Basically, the Pendulum class is a replacement for the native datetime one with some useful and intuitive methods, the Interval class is intended to be a better time delta class and, finally, the Period class is a datetime-aware timedelta.
Timezones are also easier to deal with: Pendulum will automatically normalize your datetime to handle DST transitions for you.
import pendulum
pendulum.create(2013, 3, 31, 2, 30, 0, 0, 'Europe/Paris’)
# 2:30 for the 31th of March 2013 does not exist
# so pendulum will return the actual time which is 3:30+02:00
'2013-03-31T03:30:00+02:00’
dt = pendulum.create(2013, 3, 31, 1, 59, 59, 999999, 'Europe/Paris’)
'2013-03-31T01:59:59.999999+01:00’
dt = dt.add(microseconds=1)
'2013-03-31T03:00:00+02:00’
dt.subtract(microseconds=1)
'2013-03-31T01:59:59.999998+01:00’
To those wondering: yes I know [Arrow](http://crsmithdev.com/arrow/) exists but its flaws and strange API (you can throw almost anything at get() and it will do its best to determine what you wanted, for instance) motivated me to start this project. You can check why I think Arrow is flawed here: https://pendulum.eustace.io/faq/#why-not-arrow
Cool library, I'll definitely be looking into this more closely in the future. The automatic handling of ambiguous time during timezone transitions is curious. As an example, Django punts on automatic handling and requires a user to choose between pre and post transition (I wrote the is_dst handling): https://github.com/django/django/blob/19e20a2a3f763388bba926...

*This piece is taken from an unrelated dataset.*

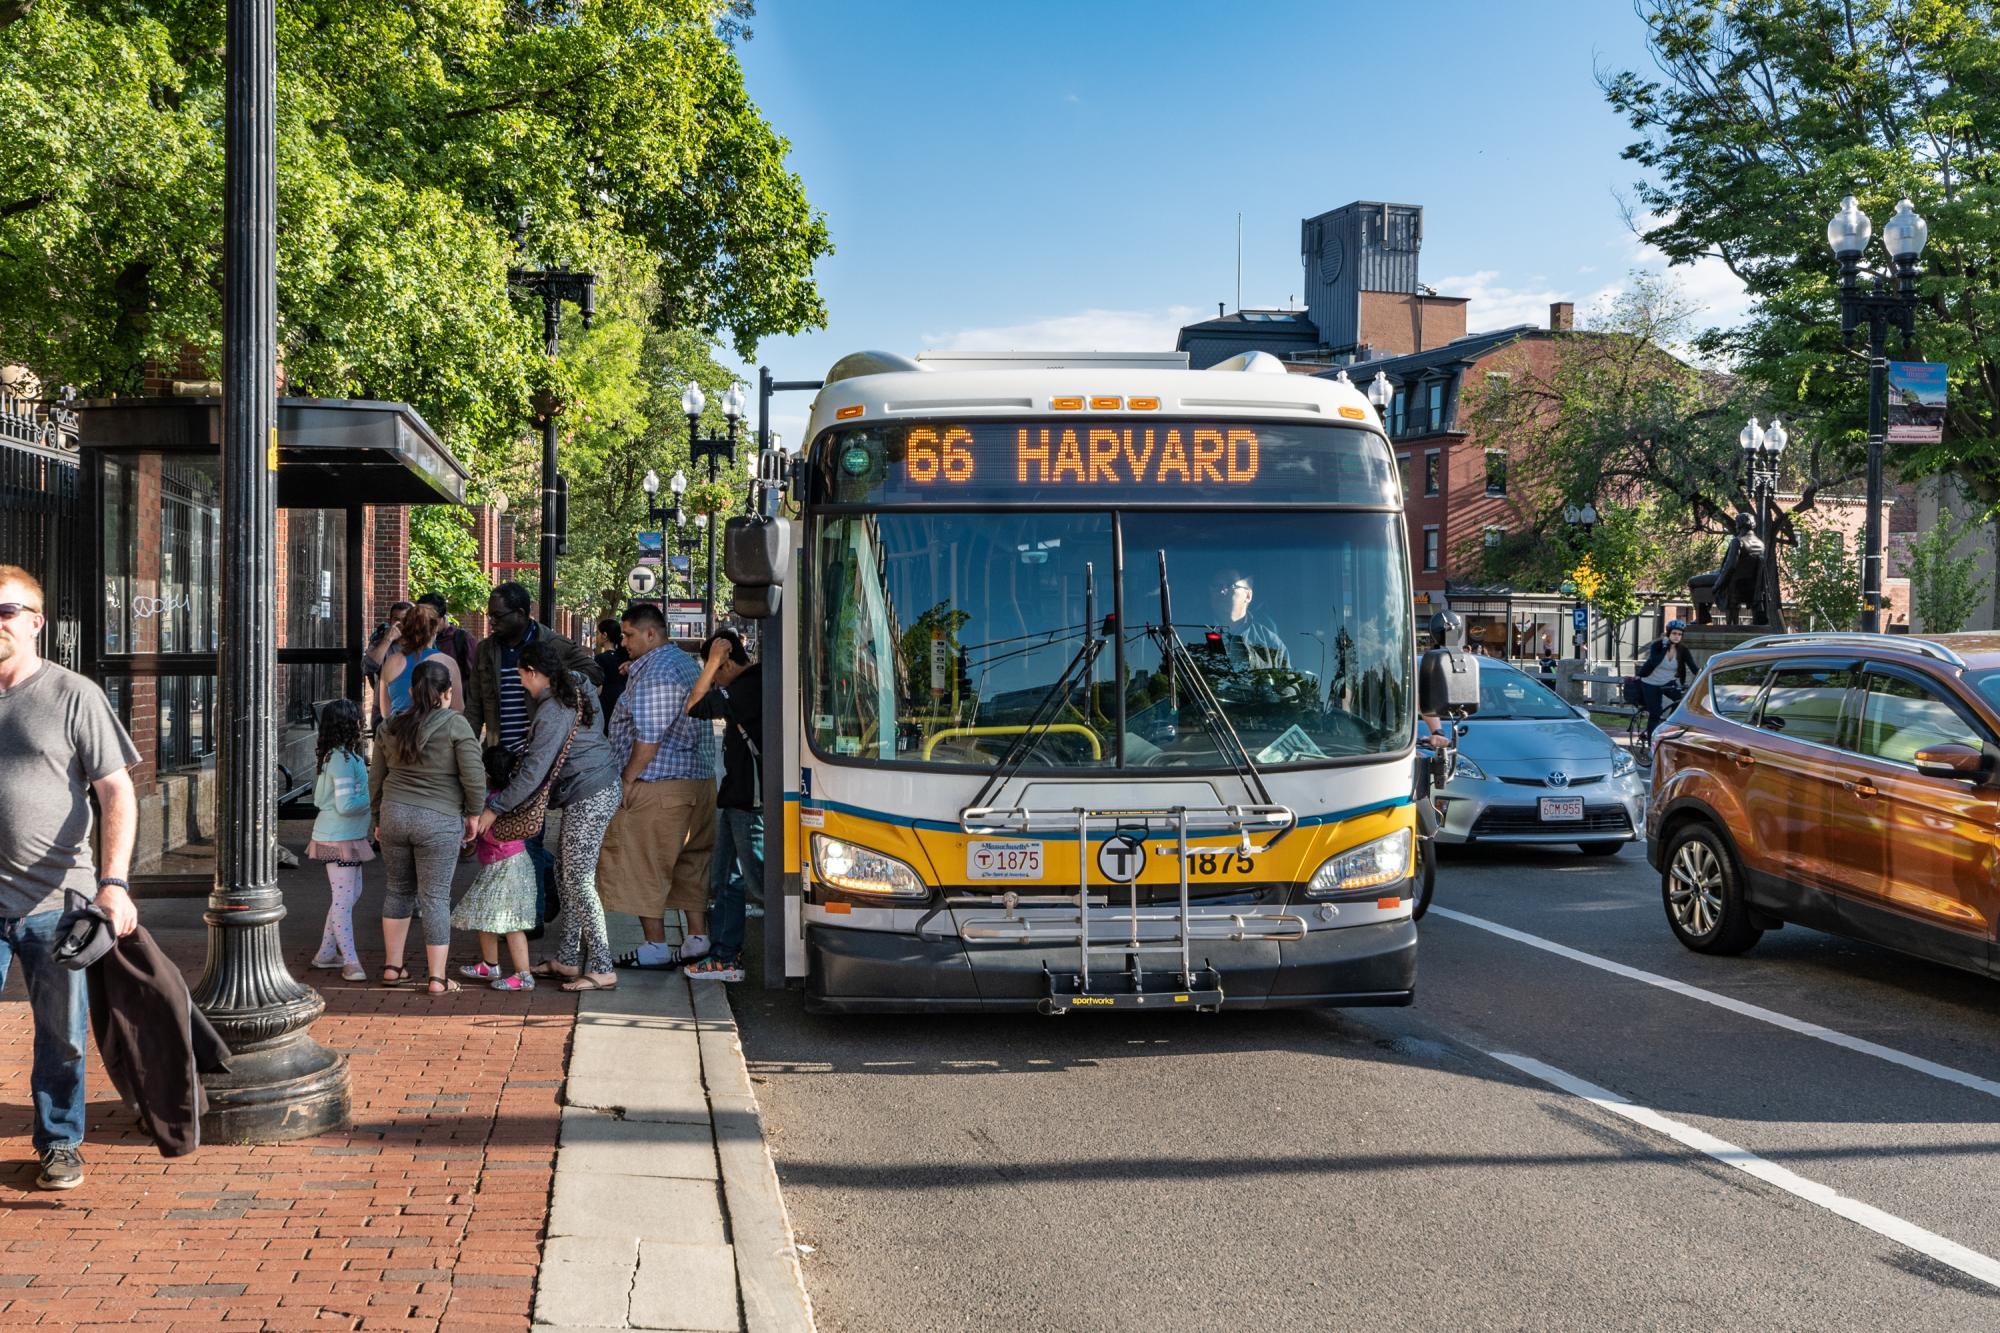 Riders exit a Route 66 bus in Harvard Square

What if you were to begin with a time at 3:30 and then subtract an hour. Would your library properly return 1:30? What if a user had a naive time at 3:30, subtracted an hour, and then converted to an aware time using your library? For what it's worth, I think moving to 3:30 is the correct behaviour in the vast amount of cases. Requiring a user to provide a direction to move and throwing an exception if they don't is dangerous. How often are users going to see this exception, if at all? Just wondering how much you've considered cases, if they exist, that would be better off moving to 1:30.
I'll add one more thing. As soon as I started browsing the page I thought "why would I use this over arrow?". Great to see you addressed that by default. I didn't know about some of arrows shortcomings/bugs, so they were really useful.
Handling dates, times, and timezones in particular is a tricky problem, as evident by the large number of libraries in each language trying to get it right. If you haven't already, I'd really recommend reading the blog posts of Jon Skeet regarding Noda Time http://blog.nodatime.org/ and https://codeblog.jonskeet.uk/category/nodatime/ even if it turns up some corner cases you haven't considered, or validates ones you have.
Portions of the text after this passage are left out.